Открывашка и пробой (СИ) - Смолин Павел. Страница 17
Теорий вообще много, но сейчас они не важны, мне нужно решить, что делать дальше. Самый очевидный вариант — пустить кого-то вперед себя. Например, Лёху — он же мужик и воин. Фу какая мерзкая, противная, недостойная мысль! Нет, так я поступать точно не буду! А к черту — пока буду жить как жил, а когда найду «рабочее» пятно — тогда и определюсь. Что там дед говорил?
— А пастухам зарплату платят? — спросил я у него.
— А как же! — кивнул он. — Две тыщи рублей!
Сравняюсь по доходам с Валей! Вот ее от этого корежить будет!
— А куда трудоустраиваться идти? — спросил я. — Мне коровы нравятся.
— Так в контору! — как само собой разумеющееся указал он вперед и налево, в сторону агрохолдинга. — Ток ты бы сначала с Зинкой поговорил — вдруг не пустит, — посоветовал он. — А там она потом сама и договорится.
— Спасибо, так и сделаю, — поблагодарил я его. — Извините, меня друг ждет, — указал на прячущегося за углом забора Лёху.
— А, это этот, Маринкин, — подслеповато прищурившись, опознал он пацана. — Хорошо, что подружились — у него шило в жопе, везде залезет, а потом ремня дома получает.

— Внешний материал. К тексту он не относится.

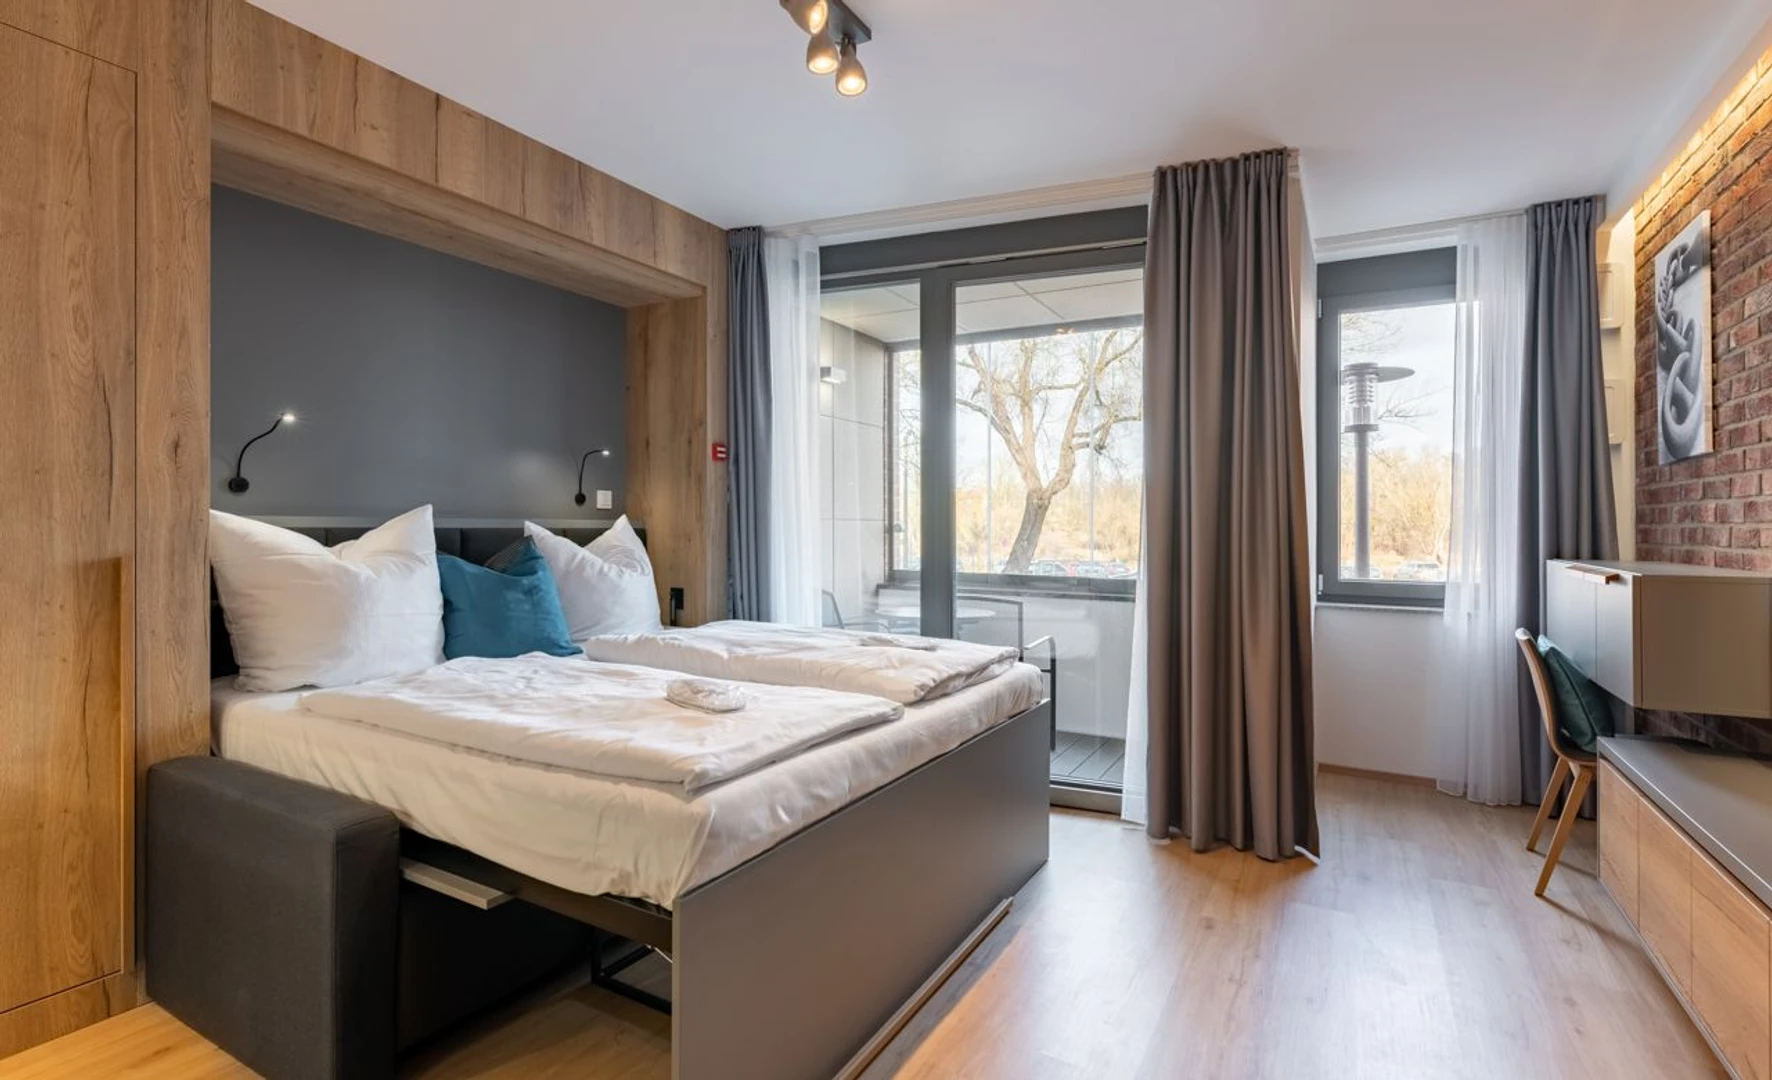 Habitación en alquiler con cama doble Regensburg
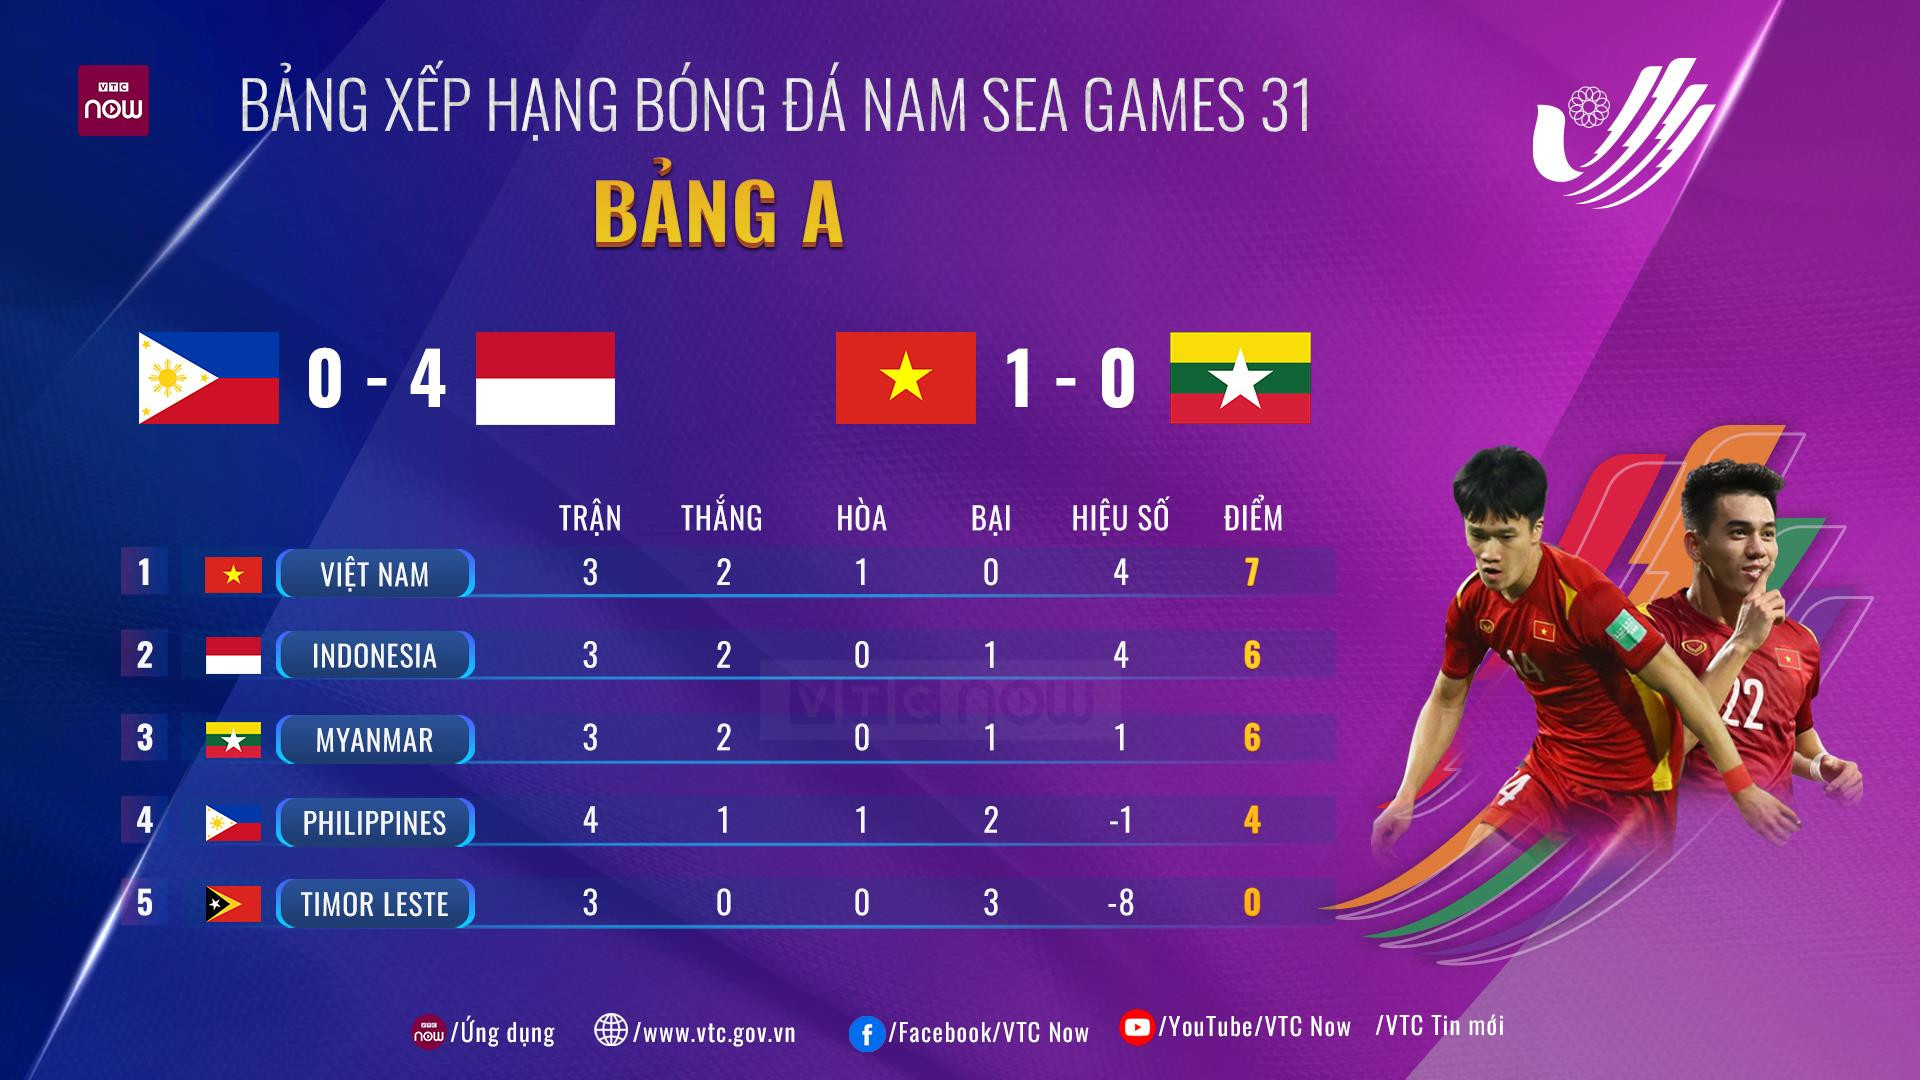 Cập nhật Bảng xếp hạng Bảng A bóng đá nam SEA Games 31: U23 Việt Nam dẫn đầu - 1

Ты его, если что, одергивай, чтоб чего не вышло.
— Буду, — пообещал я. — Карл Генрихович, извините, если не мое дело, а почему корова не со стадом?
— Дык вчера сбежала, зараза, — развел он руками. — Не хочет, значит, в стайке летом сидеть, — хохотнул. — Всю ночь за ней, паскудой, по лесам бегал — кое-как в деревню загнал.
— Спасибо за ответ, — поблагодарил я.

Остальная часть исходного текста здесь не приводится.